» **DATA BLOCK**:

══════════

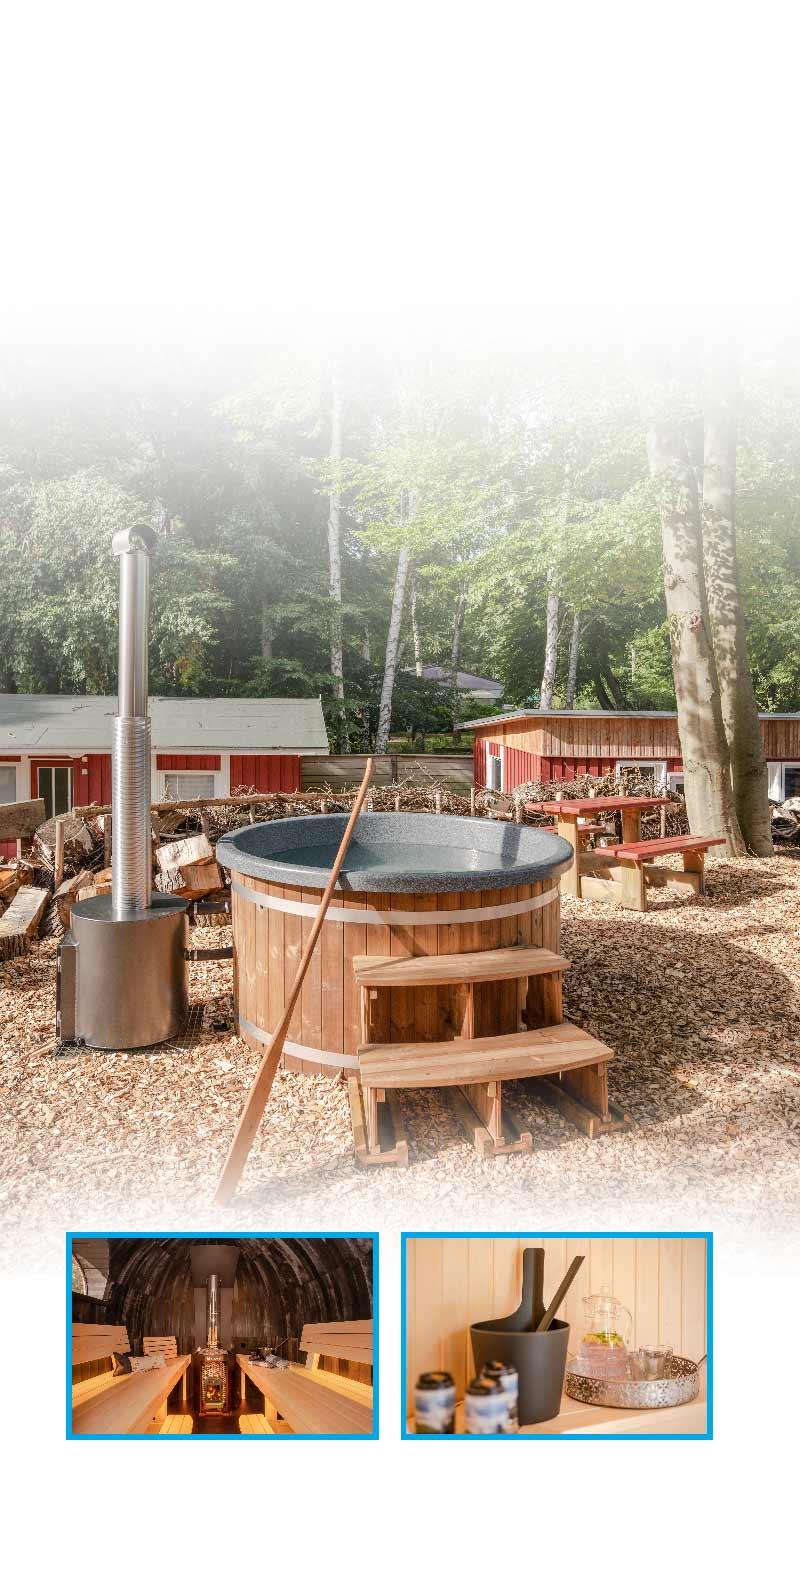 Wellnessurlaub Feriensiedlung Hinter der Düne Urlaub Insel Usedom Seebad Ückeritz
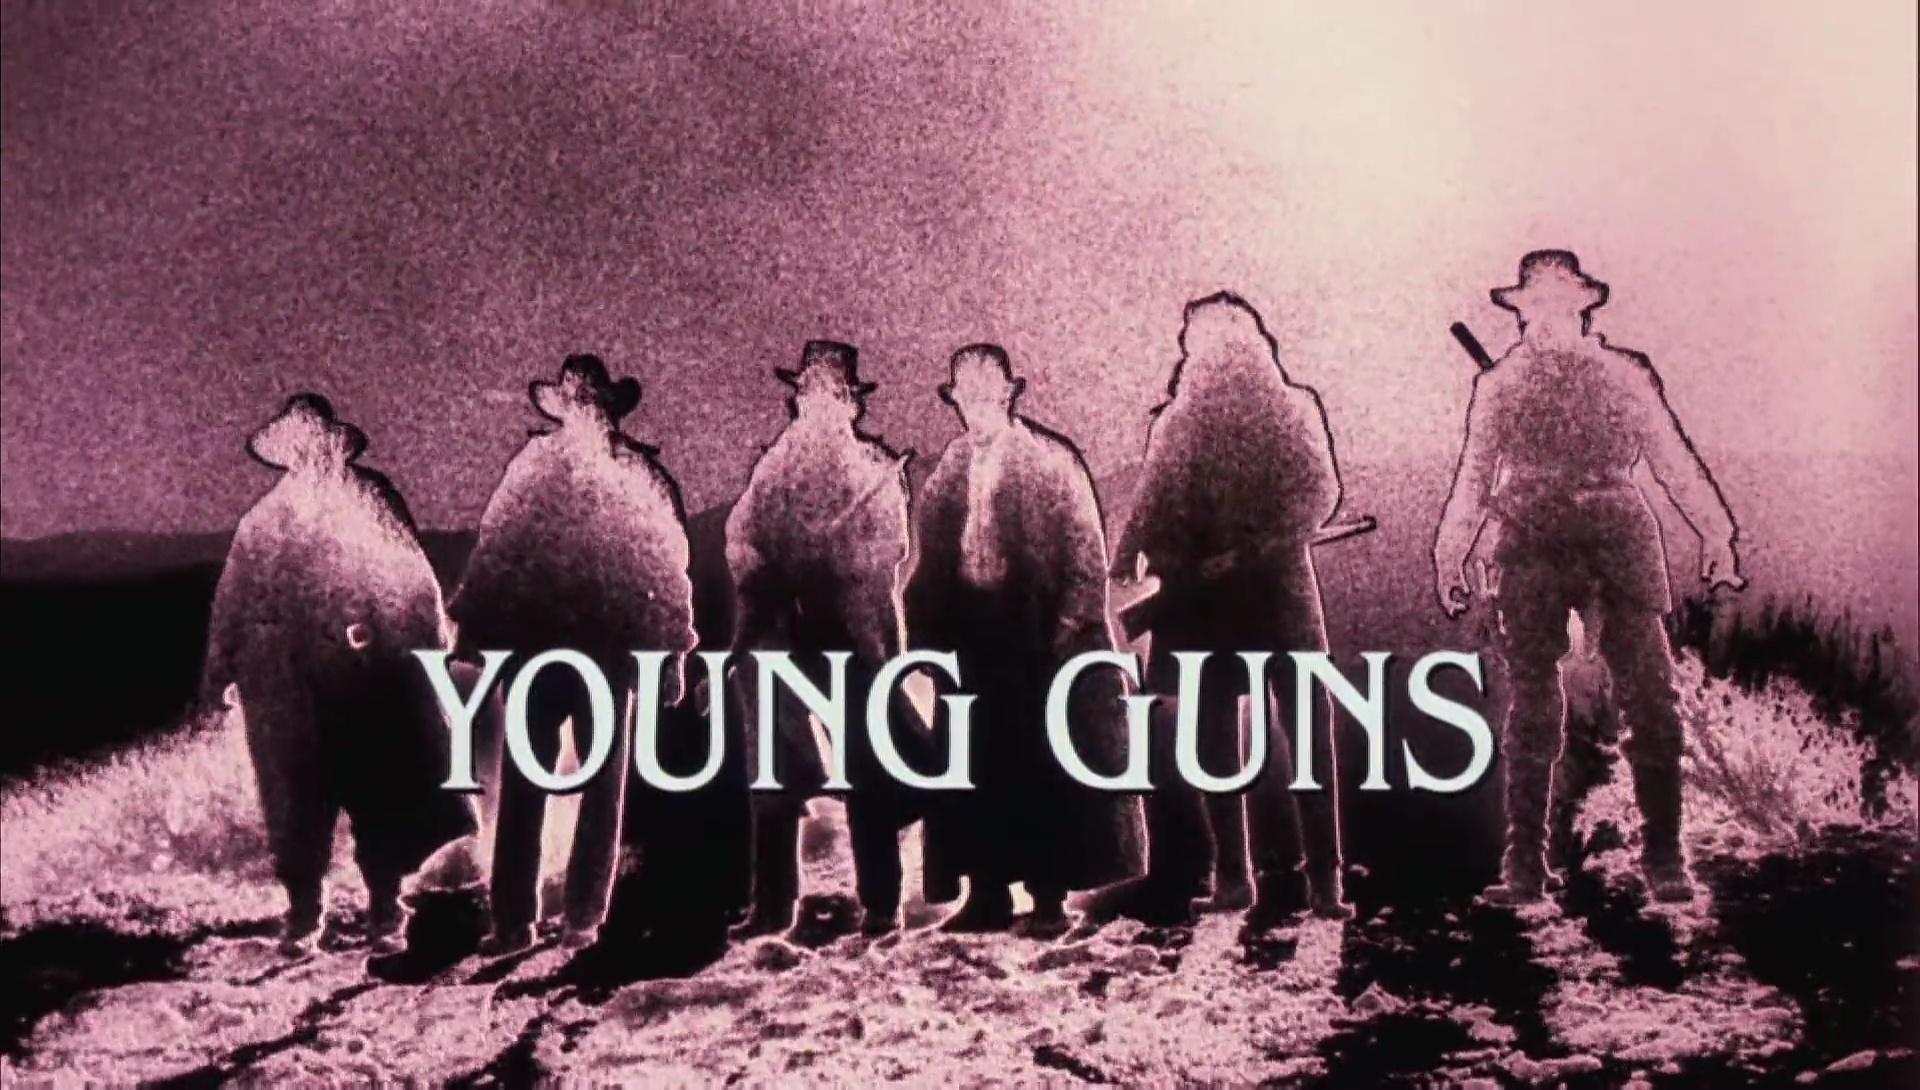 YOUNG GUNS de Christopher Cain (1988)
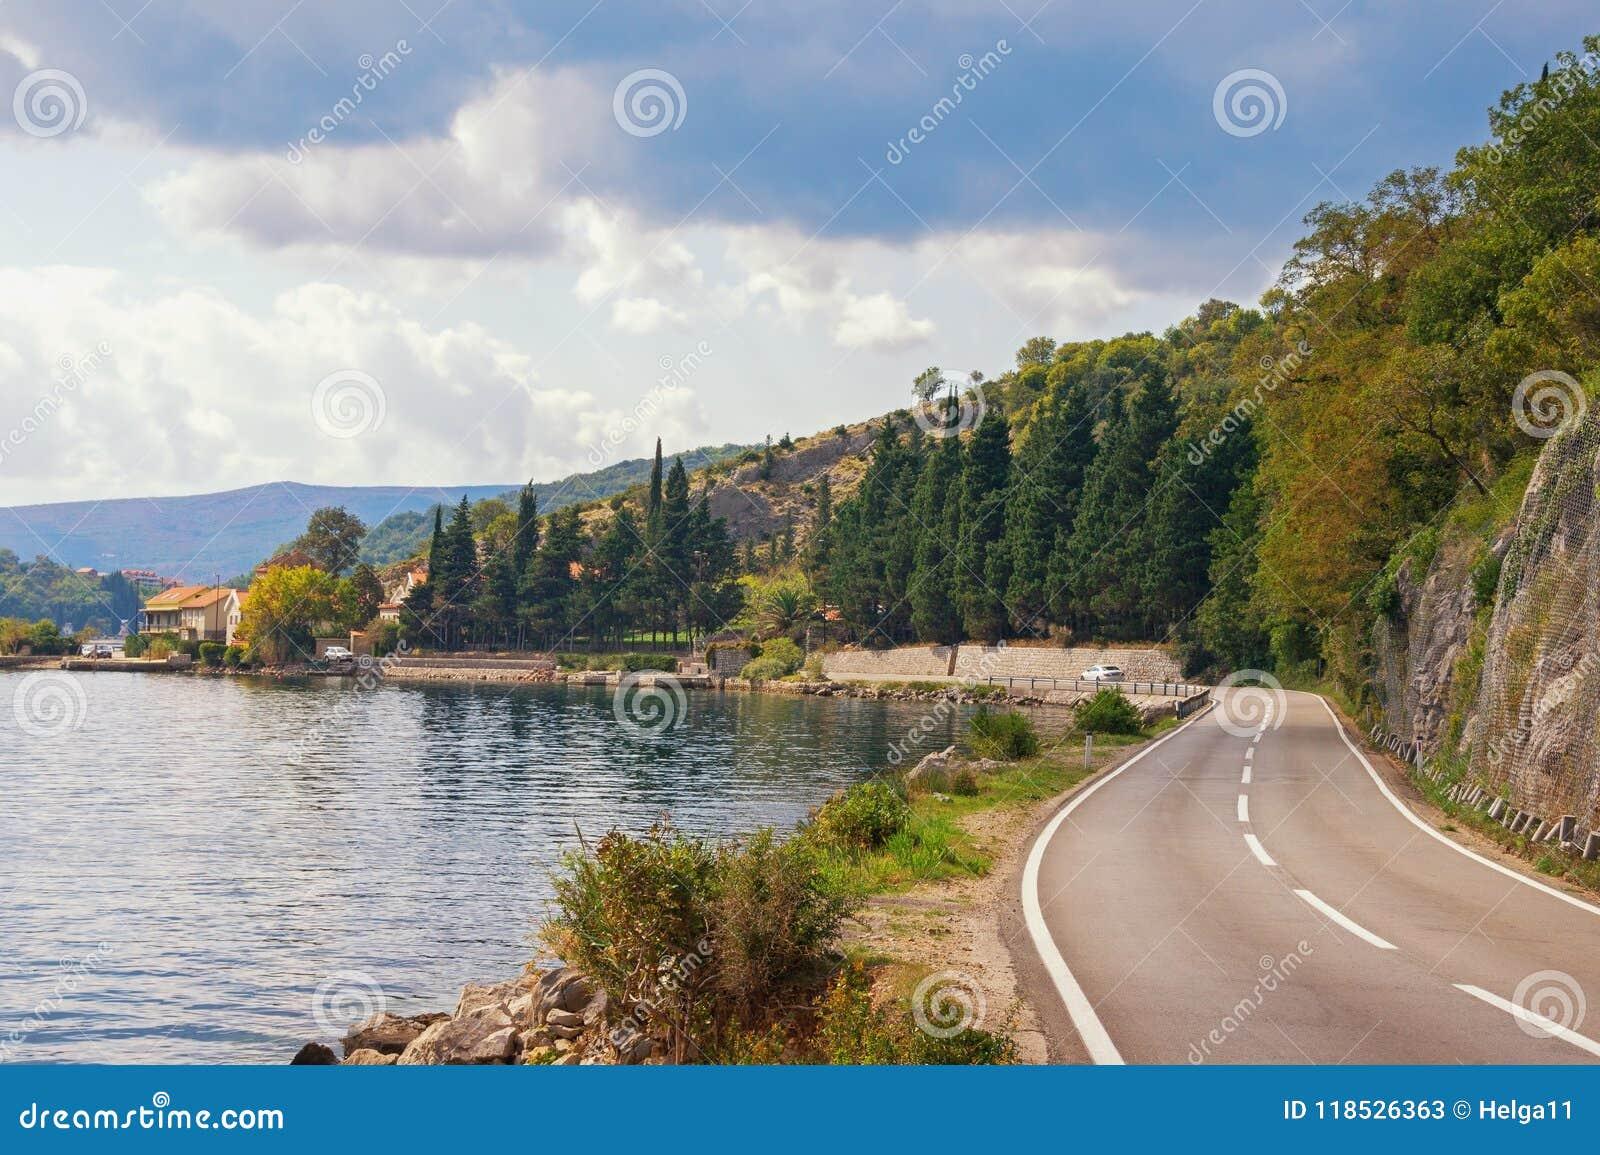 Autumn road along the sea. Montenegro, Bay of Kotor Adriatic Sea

══════════

» **EXERCISE DIRECTIONS**: Nothing but the lines from the line with "YOUNG GUNS de Christopher Cain (1988)" through the last line of the listing should be copied, exactly and with both ends kept. Leave pictures out.

» **OUTPUT BELOW**:
 YOUNG GUNS de Christopher Cain (1988)
 Autumn road along the sea. Montenegro, Bay of Kotor Adriatic Sea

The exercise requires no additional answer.